## Aim of the task:
For the data below, retype word for word the lines from the one containing "mika steve wedding" through the one containing "Werkwaardig Dancer Lamp"; drop the pictures.

## Exercise data:
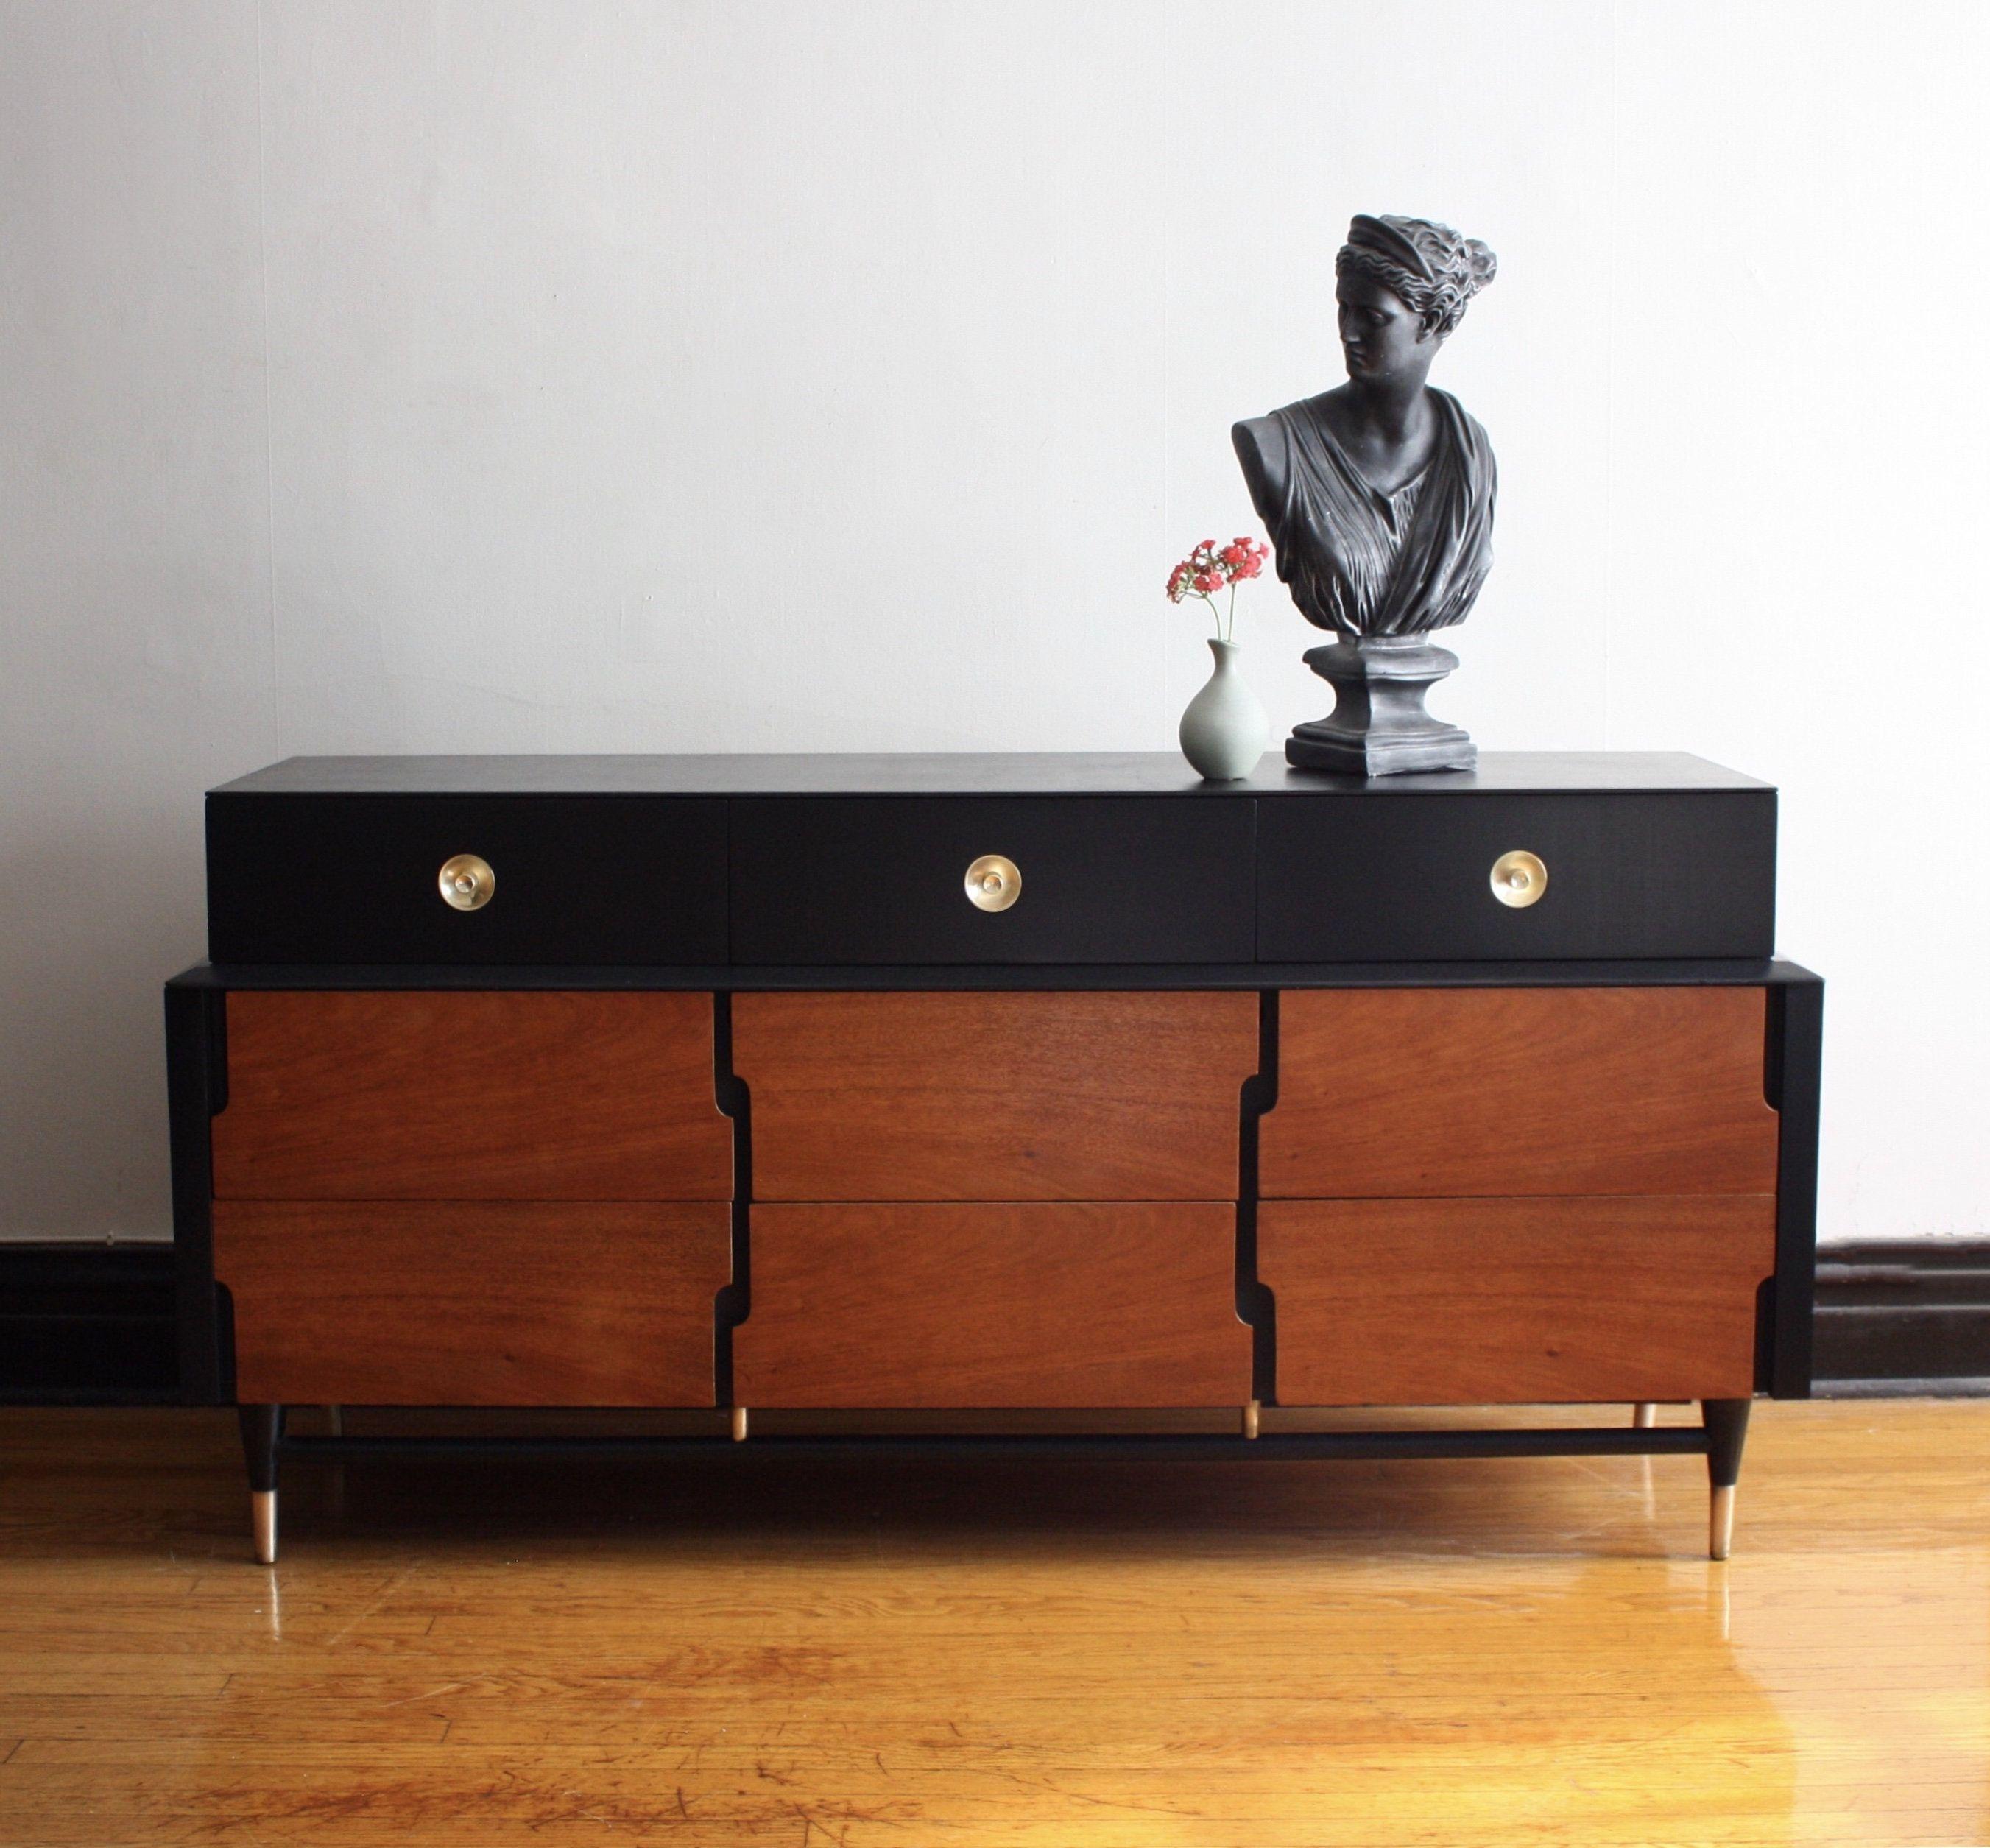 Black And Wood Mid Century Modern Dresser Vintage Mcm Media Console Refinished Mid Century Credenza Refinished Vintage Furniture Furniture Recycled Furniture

* * *

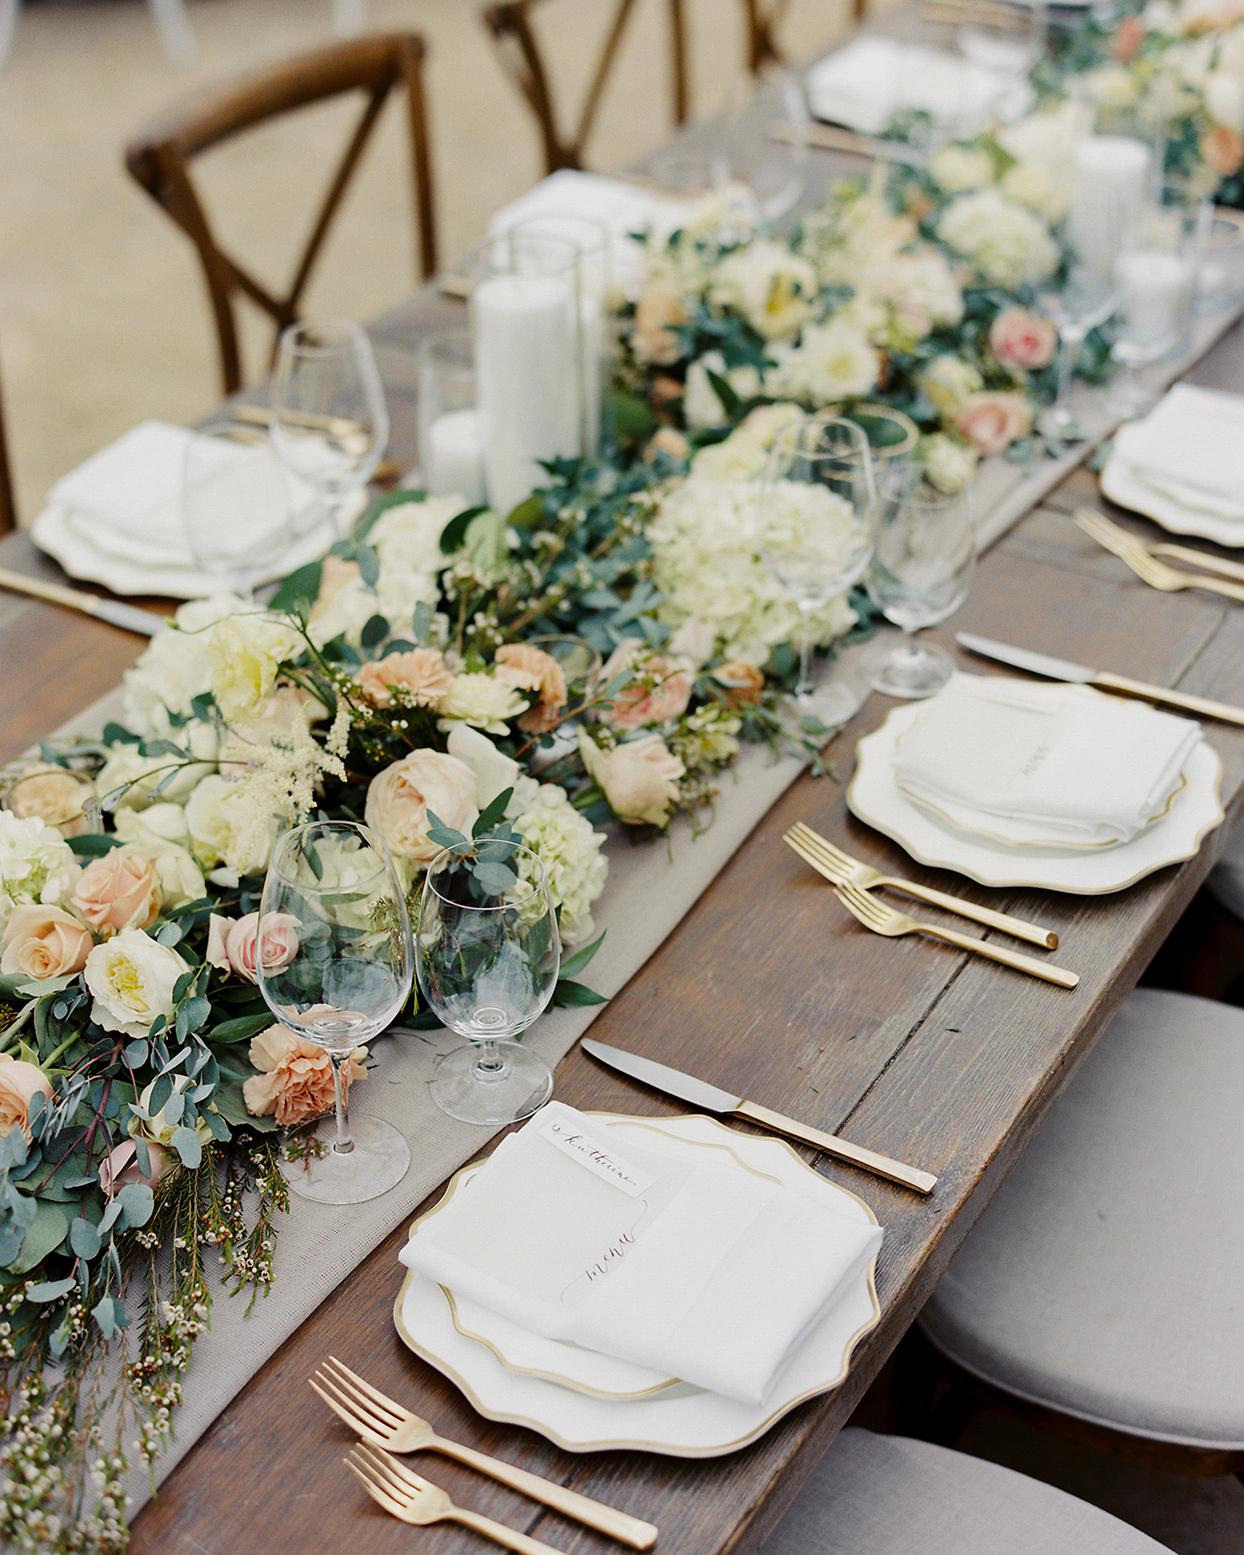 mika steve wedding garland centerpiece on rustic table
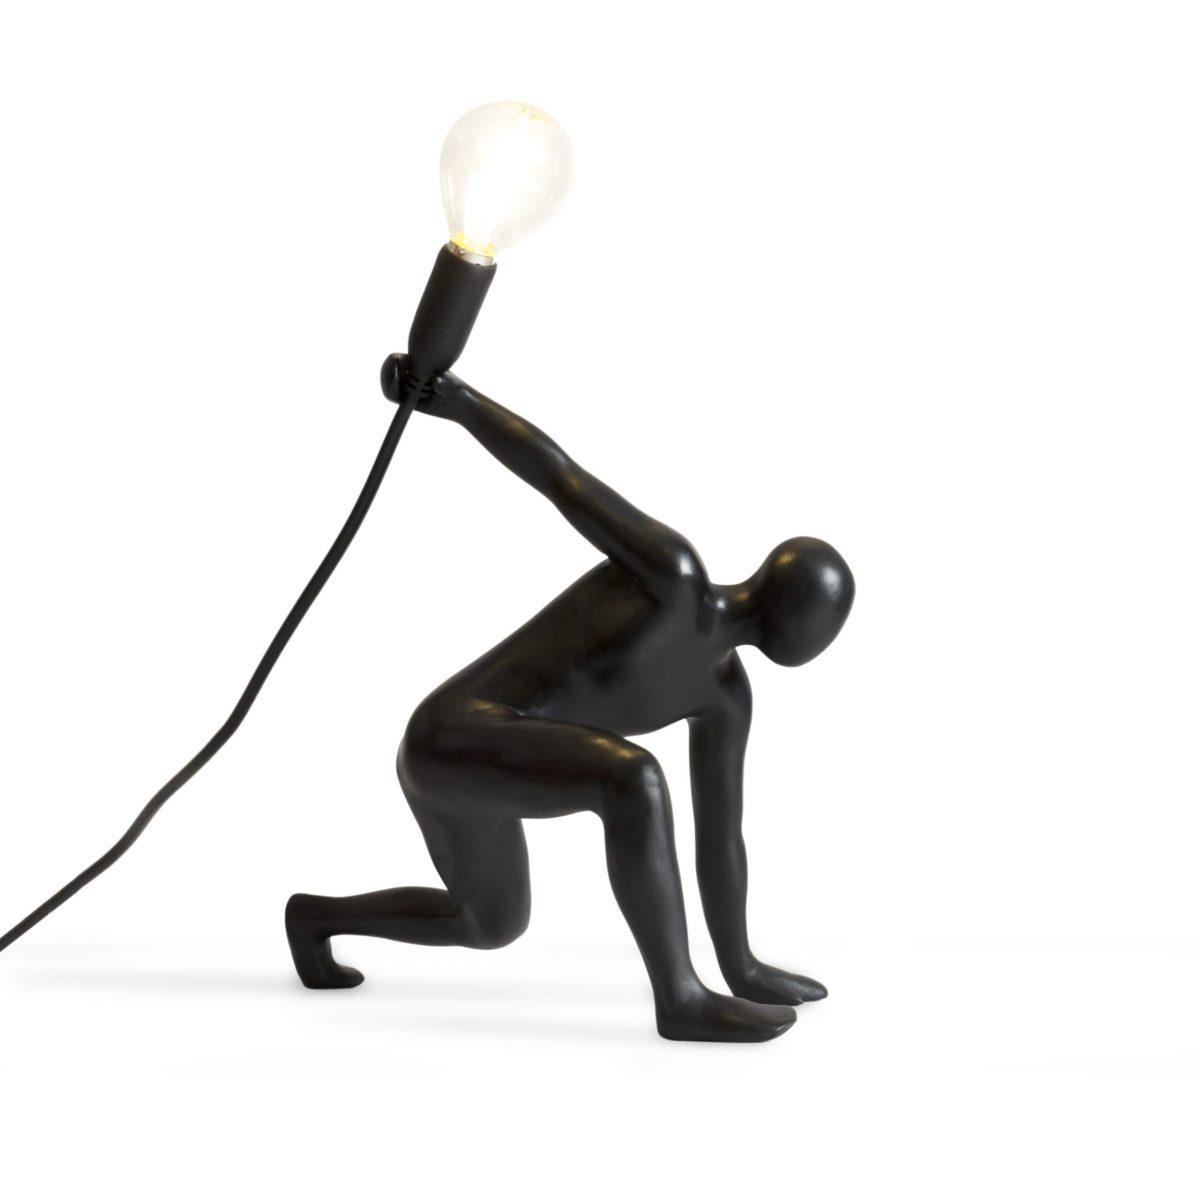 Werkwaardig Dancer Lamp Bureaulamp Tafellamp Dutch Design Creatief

## Solution:
 mika steve wedding garland centerpiece on rustic table
 Werkwaardig Dancer Lamp Bureaulamp Tafellamp Dutch Design Creatief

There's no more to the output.